# Mantis Spezialthread: Reingefallen auf nachbarschaft24.com



## Manti (11 Februar 2008)

hey, ich habe mich bei 18net.... naja nicht direkt angemeldet, ich habe die Anmeldung abgebrochen und habe nun einen "newsletter" mit meinem Kennwort und so bekommen, bin auf Newsletter abbestellen gegangen und habe noch einmal eine mail geschrieben, das ich sicher gehen möchte, dass mein Account gelöscht wurde. Ich habe mich nie eingeloggt dort und nur registriert. Die Registrierung is ja kostenlos, man bezahlt ja nur für die Dienstleistungen nich? also dürfte ich keine weiteren Probleme damit haben oder? 
Ich hab da schiss, weil mir das gleiche bei nbs24.net passiert is, dort hab ich mich aber glaub ich wirklich angemeldet... 
was tun?


----------



## Manti (11 Februar 2008)

Die schützen sich jetz ziemlich gut, ich habe mich versehentlich angemeldet und es dann aber vergessen, blöd wie ich bin... dann habe ich jetzt eine email bekommen, das ich innerhalb 7 tage 54 €überweisen soll und mein konto dann wieder aktiviert wird. Ich habe nichtsahnend zurückgeschrieben, das mir nichts der gleichenbewusst war und ob man das noch widerrufen kann, da kam gleich zurück, das ich das trotzdem bezalhen muss und schriftlich kündigen muss und dann die vertragsdauer von 24 Monaten erlischt. Heißt das ich muss tzortzdem weiter bezahlen, oder bin dann dort draußen?


----------



## jupp11 (11 Februar 2008)

*AW: Reingefallen auf nachbarschaft24.com - nachbarschaft24.net - meinnachbar.net*



Manti schrieb:


> Heißt das ich muss tzortzdem weiter bezahlen, oder bin dann dort draußen?
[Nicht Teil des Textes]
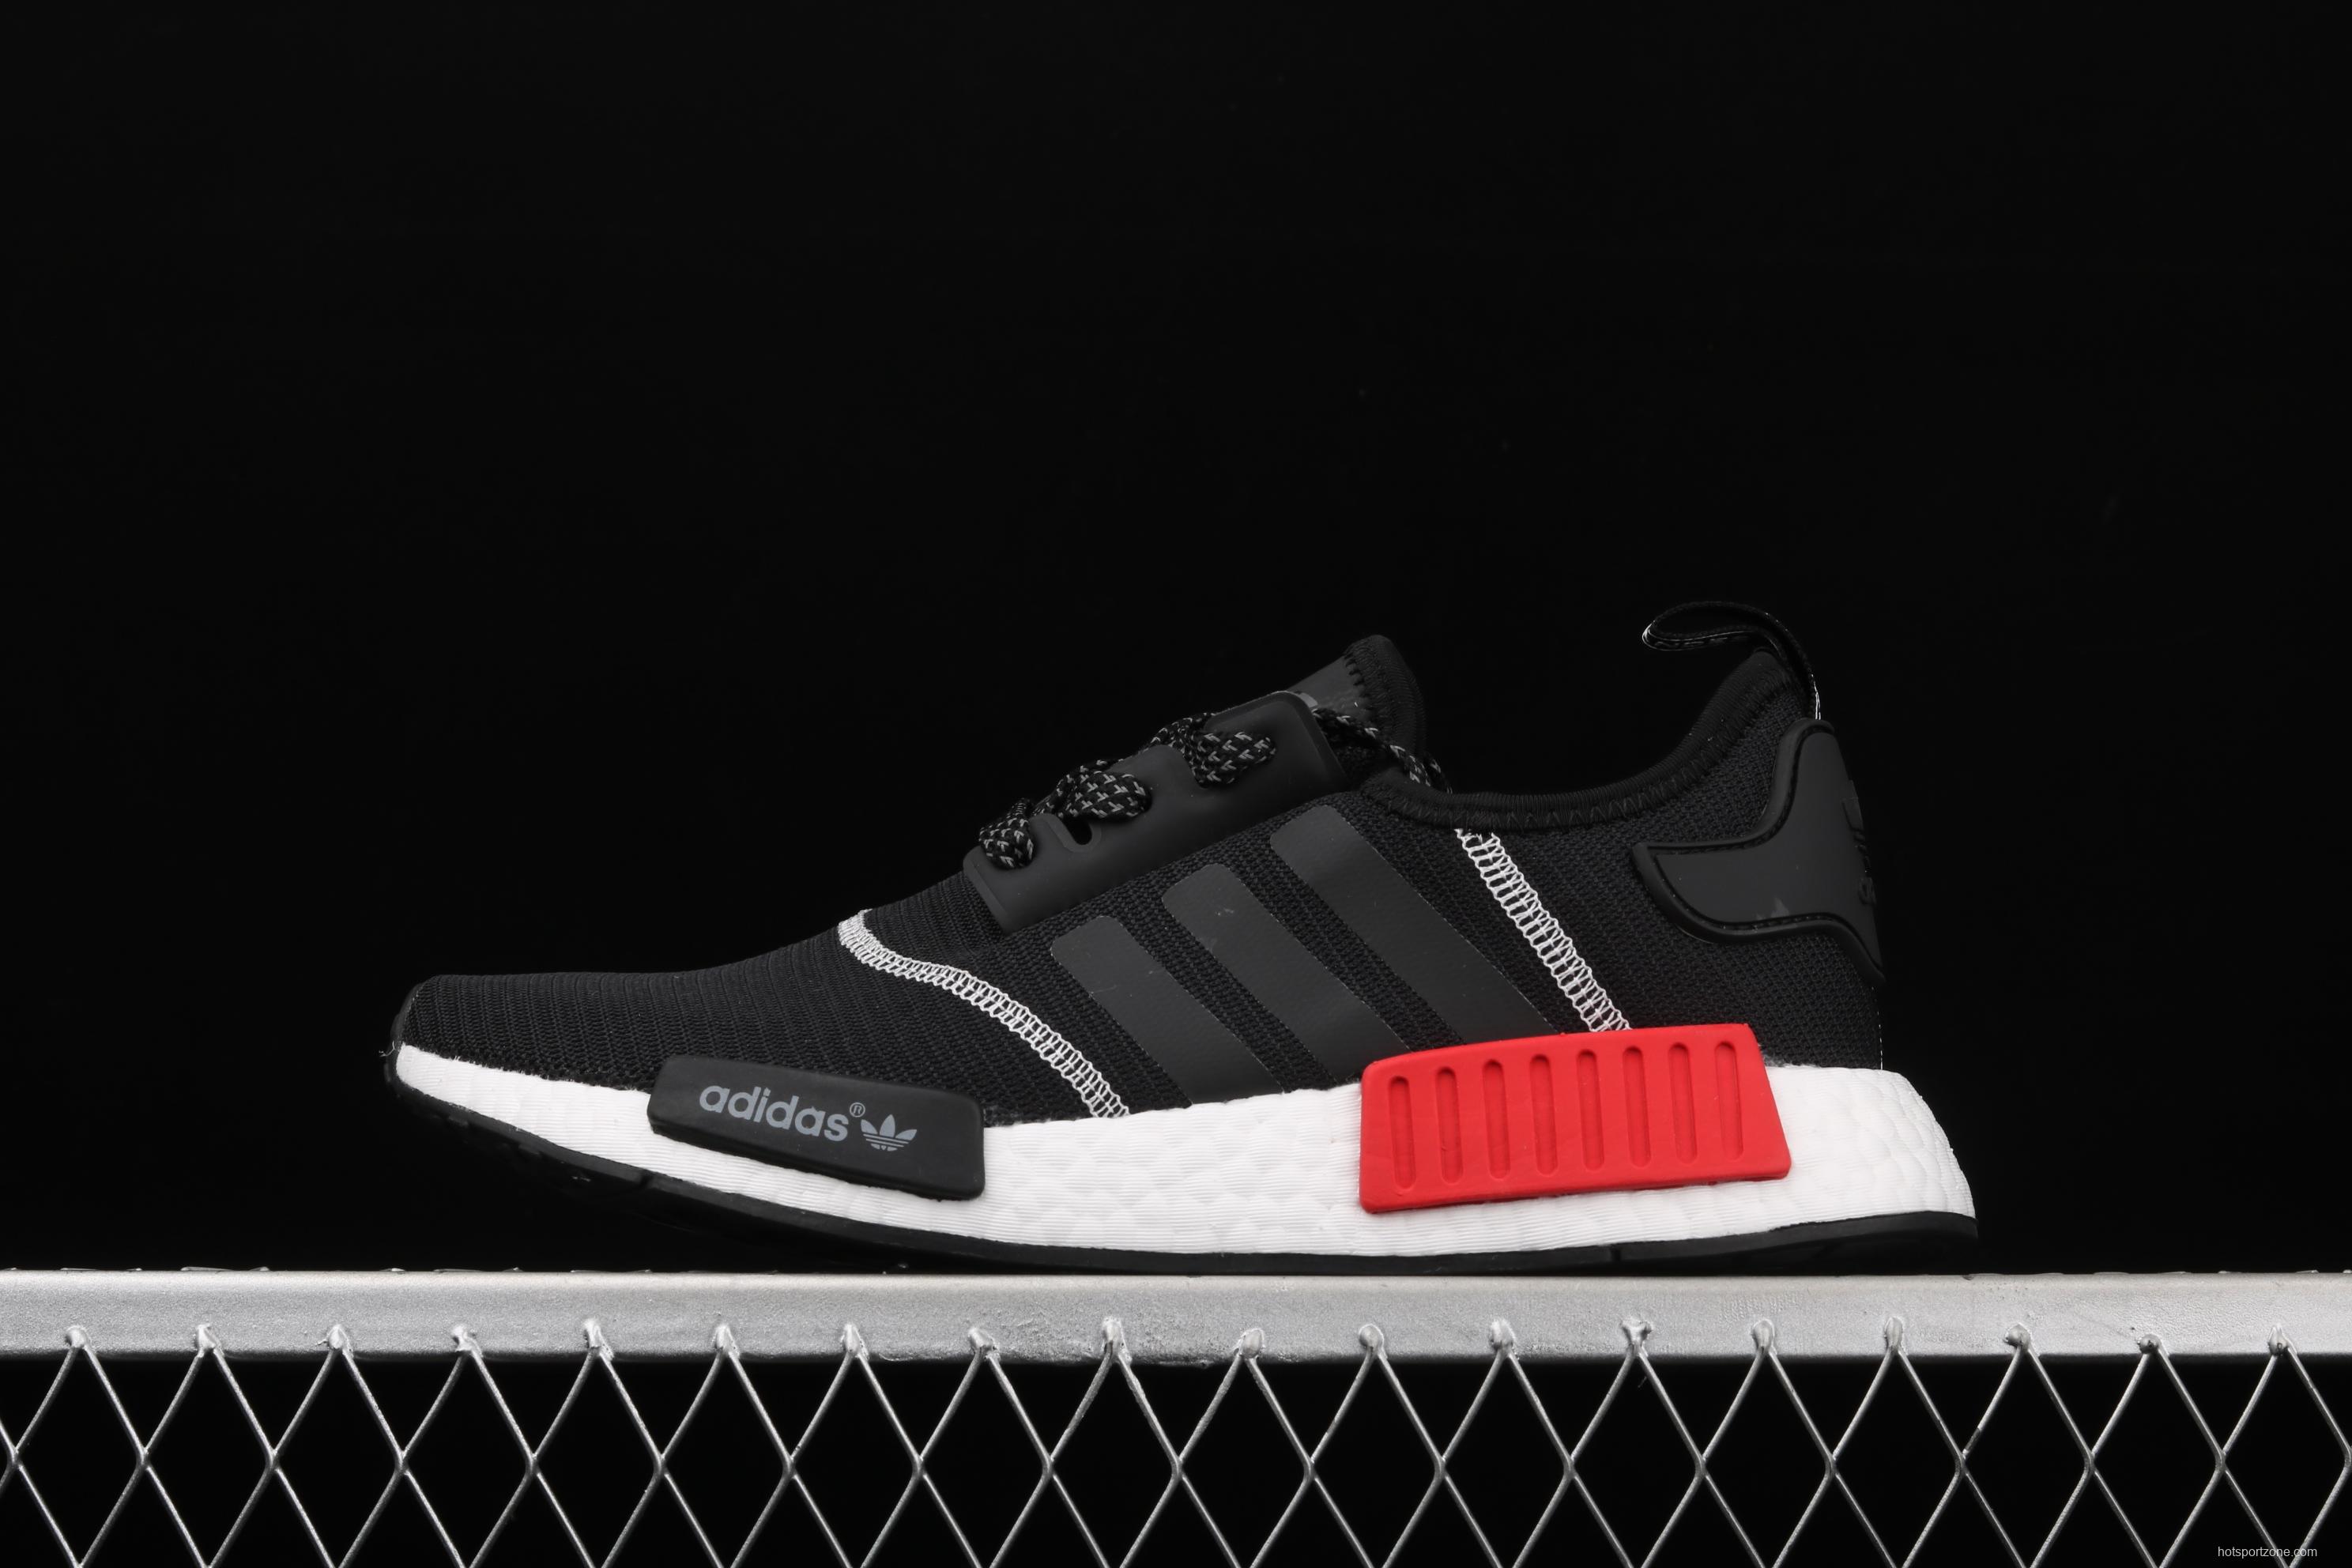 Adidas NMD R1 Boost S31510 new really hot casual running shoes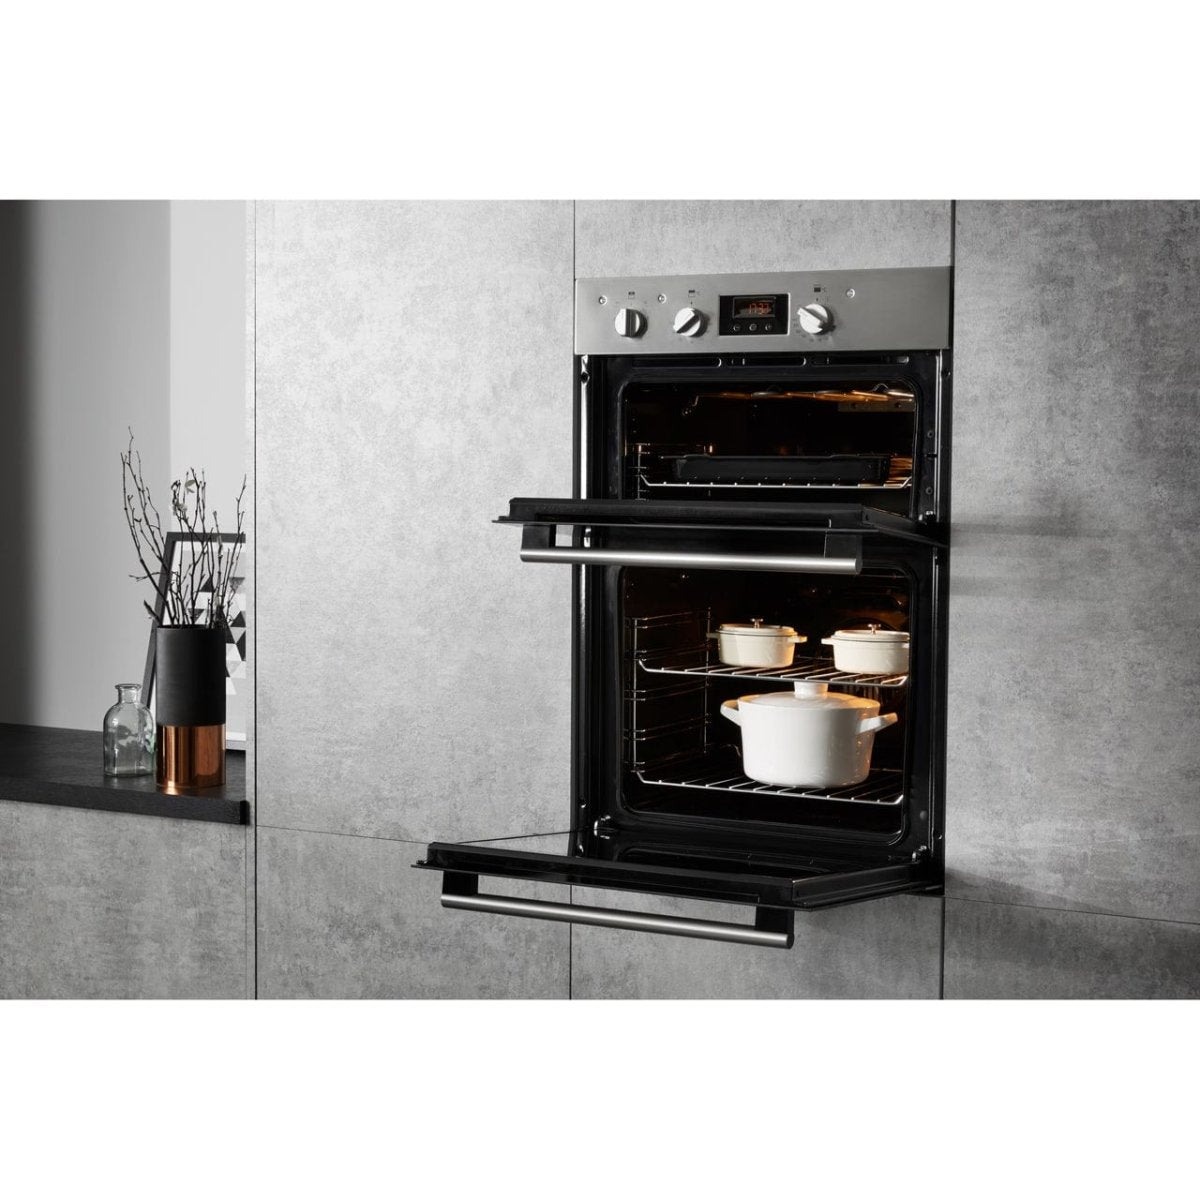 Hotpoint Class 2 DD2540IX Built In Electric Double Oven - Stainless Steel - A/A Rated | Atlantic Electrics

*gaaaaanz* heisser  Tipp, liest die vorhergehenden Postings da steht alles bereits ( zum x-ten Mal ) 
es macht wahrhaftig keinen Spass alles immer und  immer zu wiederholen


----------



## Manti (11 Februar 2008)

*AW: Reingefallen auf nachbarschaft24.com - nachbarschaft24.net - meinnachbar.net*

ja bloß mein prob is, das ich heute spät. bezahlen muss... und meine frist morgen abgelaufen ist... und ich eigentlich keine zeit für so ein mist, ich weiß ich hab mir das selbst verbockt aber egal. Ich brauche ja nur eine schnelle präzise Antwort


----------



## webwatcher (11 Februar 2008)

*AW: Reingefallen auf nachbarschaft24.com - nachbarschaft24.net - meinnachbar.net*

Auch wegen deiner  Eile werden wir uns  nicht einem anonymen User zuliebe mit einem Verstoss  
gegen das Rechtsberatungsgesetz in die Nesseln setzen. Mehr  als die vorstehenden Informationen gibt es
 nicht und  schon gar nicht individuelle Beratung 


*EOT *


----------



## Manti (11 Februar 2008)

*AW: Reingefallen auf nachbarschaft24.com - nachbarschaft24.net - meinnachbar.net*

Es tut mir ja wirklich leid, und ich lese ja auch schon wie eine verrückte, aber ich kann leider nichts finden, das meiner sit. gerechtfertigt ist. Ich weiß nicht mehr genau, ob ich mir fertig dort angemeldet hatte und das Datum war der 19.12.07, so stand es in der Mail die ich bekomen hab mit der Rechnung, dieses Datum kann gut möglich stimmen, ich weiß es nicht mehr .... na jedenfalls kann ich auch nicht mehr widerrrufen..... also bezahlen und kündigen? aber ich hab in den vorhergehenden Postings gelesen, dass ich nicht per Post kündigen soll... das verlangen die aber .. also was tun???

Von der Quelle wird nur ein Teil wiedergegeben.